Preferably, the carbon nanostructure is a multi-walled carbon
nanotube.
[0018] The carbon nanostructure located within the hydrophobic
layer may in use enhance the hydrophobic properties of the
hydrophobic layer and/or increase the porosity of the hydrophobic
layer and/or increases the strength of the hydrophobic layer.
[0019] In a preferred embodiment of the disclosure the hydrophobic
polymer layer comprises between about 0.1 to about 7.5% of carbon
nanostructures, which carbon nanostructures are dispersed within
the hydrophobic polymer layer.
[0020] The hydrophilic substance may be a polymer and hydrophilic
polymers may contain polar and/or charged functional groups. The
hydrophilic substance may comprise at least one compound selected
from the group consisting of, but not limited to: natural or
synthetic hydrophilic polymers. In a preferred embodiment of the
first aspect of this disclosure the hydrophilic polymer is
polyvinyl alcohol (PVA).
[0021] The device, preferably a membrane, may be layered such that
the hydrophobic polymer layer is a basal layer and has on top of an
upper surface thereof a top layer comprising the hydrophilic
substance. The membrane may be configured as a layered sandwich
having the top layer superposingly located over the basal
layer.
[0022] In an alternative embodiment of the first aspect of this
disclosure, there is provided for the device, preferably a
membrane, to be layered such that the hydrophobic layer is an inner
core and has coated there over an outer shell comprising the
hydrophilic substance. The membrane may be configured as a layered
onion having the inner core coated by the outer shell.
[0023] In a preferred embodiment of the first aspect of this
disclosure, there is provided a membrane for use in fluid
purification, the membrane comprising: [0024] a porous basal layer
in the form of polysulfone (PSF); [0025] a multitude of carbon
nanotubes (CNTs) dispersed within the basal layer; and [0026] a top
layer in the form of polyvinyl alcohol (PVA).

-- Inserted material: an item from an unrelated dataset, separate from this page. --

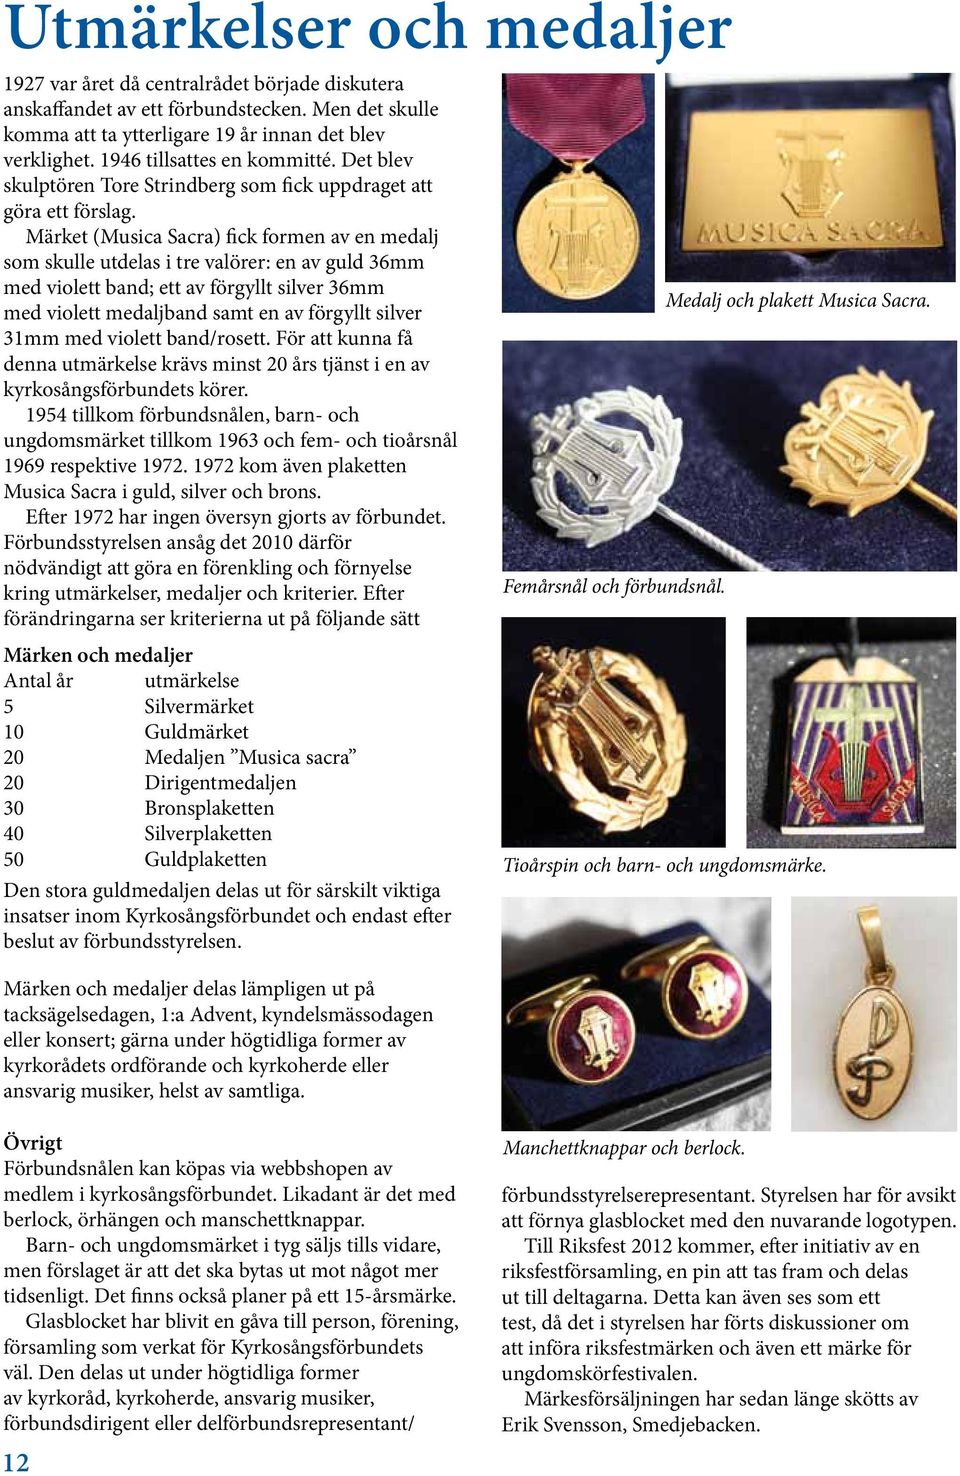 Märket (Musica Sacra) fick formen av en medalj som skulle utdelas i tre valörer: en av guld 36mm med violett band; ett av förgyllt silver 36mm med violett medaljband samt en av förgyllt silver 31mm

[0027] In the preferred embodiment of the first aspect of the
disclosure, the top layer of polyvinyl alcohol (PVA) may further
comprise a cross-linker substance in the form of maleic acid (MA)
in use cross-linking the polyvinyl alcohol (PVA).

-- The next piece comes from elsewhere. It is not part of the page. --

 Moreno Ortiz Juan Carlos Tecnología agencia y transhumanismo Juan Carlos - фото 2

[0028] According to a second aspect of this disclosure, there is
provided a method for manufacturing the device for use in fluid
purification according the first aspect of this disclosure, the
method comprising the following steps: [0029] (a) adding a
hydrophobic polymer, preferably polysulfone (PSF), and carbon
nanostructures, preferably multi-walled carbon nanotubes, to an
organic solvent, preferably dimethylformamide (DMF), under constant
stirring to produce Solution 1; [0030] (b) casting Solution 1 onto
a surface and allowing the cast Solution 1 to stand for a first
period of time; [0031] (c) immersing the cast Solution 1 in water
for a second period of time to form a solid porous basal layer;
[0032] (d) pouring a hydrophilic substance, preferably polyvinyl
alcohol (PVA), over the porous basal layer to form a bilayered
membrane; and [0033] (e) placing the bilayered membrane into a
heated oven for a third period of time.
[0034] The method may comprise an additional step, Step (f) prior
to executing Step (e), Step (f) comprising pouring a cross-linker
substance, preferably a maleic acid solution, over the hydrophilic
substance, preferably polyvinyl alcohol (PVA), to facilitate
cross-linking of the hydrophilic substance.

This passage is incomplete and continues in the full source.